Zachary Ochuodho @zachuodho
Commercial banks need to tighten their credit standards to contain the rising levels of non-performing loans (NPLs), which have increased by 0.8 percentage points from the first quarter (Q1) of this year.
The tightening of credit standards will allow commercial banks to manage the industry-wide deteriorating asset quality.
According to a report released yesterday by Cytonn Investment Management, the level of NPLs remains a major concern within the banking sector.
Caleb Mugendi an investment associate at Cytonn said real estate, manufacturing and retail sector were the major contributors to the increasing levels of NPLs.
“The weighted average gross NPL ratio for the listed banks declined from 9.6 per cent in Q1 2018 to 10.4 per cent in the subsequent quarter this year and if the trend persists, it will impact on banks’ bottom line, due to associated impairment charges, especially after adoption of the new IFRS 9 standard,” he said.

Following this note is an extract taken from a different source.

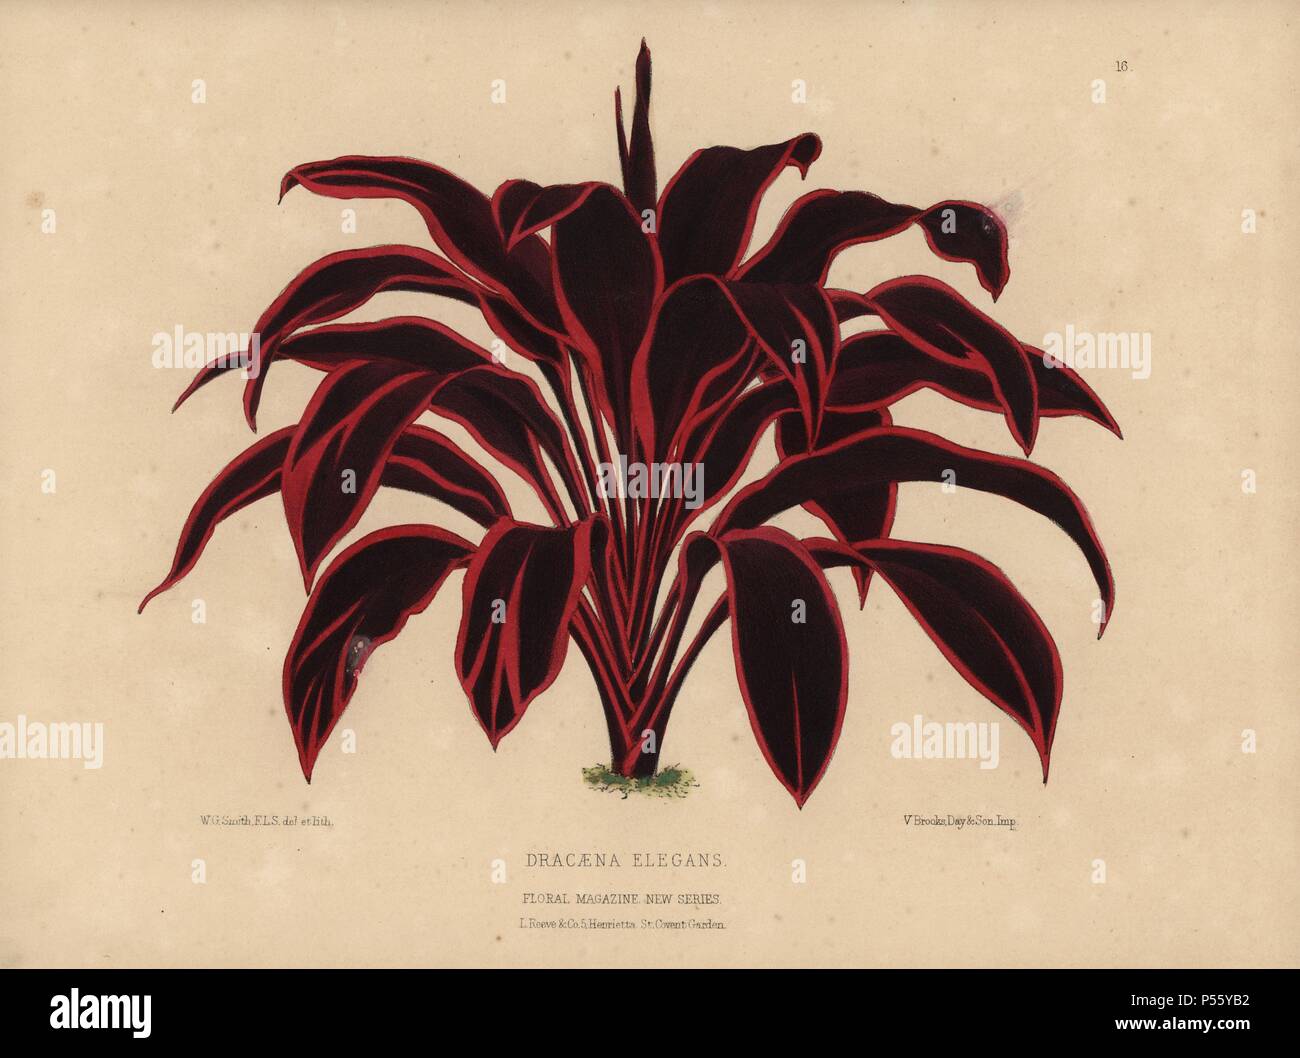 Dracaena elegans, tropical plant with dramatic crimson and black foliage Handcolored botanical drawn and lithographed by W.G. Smith from H.H. Dombrain's 'Floral Magazine' 1872.. Worthington G. Smith (1835-1917), architect, engraver and mycologist. Smith also illustrated 'The Gardener's Chronicle.' Henry Honywood Dombrain (1818-1905), clergyman gardener, was editor of the 'Floral Magazine' from 1862 to 1873. Stock Photo

Mugendi attributed increase in NPLs partly to non-payment of pending bills by counties and national government.
During the Budget day, Treasury said that it has set aside Sh10 billion to offset part of the Sh300 billion which it owed business entities.
Mugendi asked commercial banks to focus on improving efficiency, growing non-funded income and containing asset quality deterioration to boost their earnings.
Ian Kagira, an investment analyst said banks had improved performance on aggregate, as they recorded improved profitability, in a relatively tough operating environment.
“Increased emphasis on operating efficiency by banks seems to be bearing fruit, which was further supported by a recovery in interest revenue, largely supported by the asset re-allocation to government securities, and increased lending to specific segments,”said Kagira.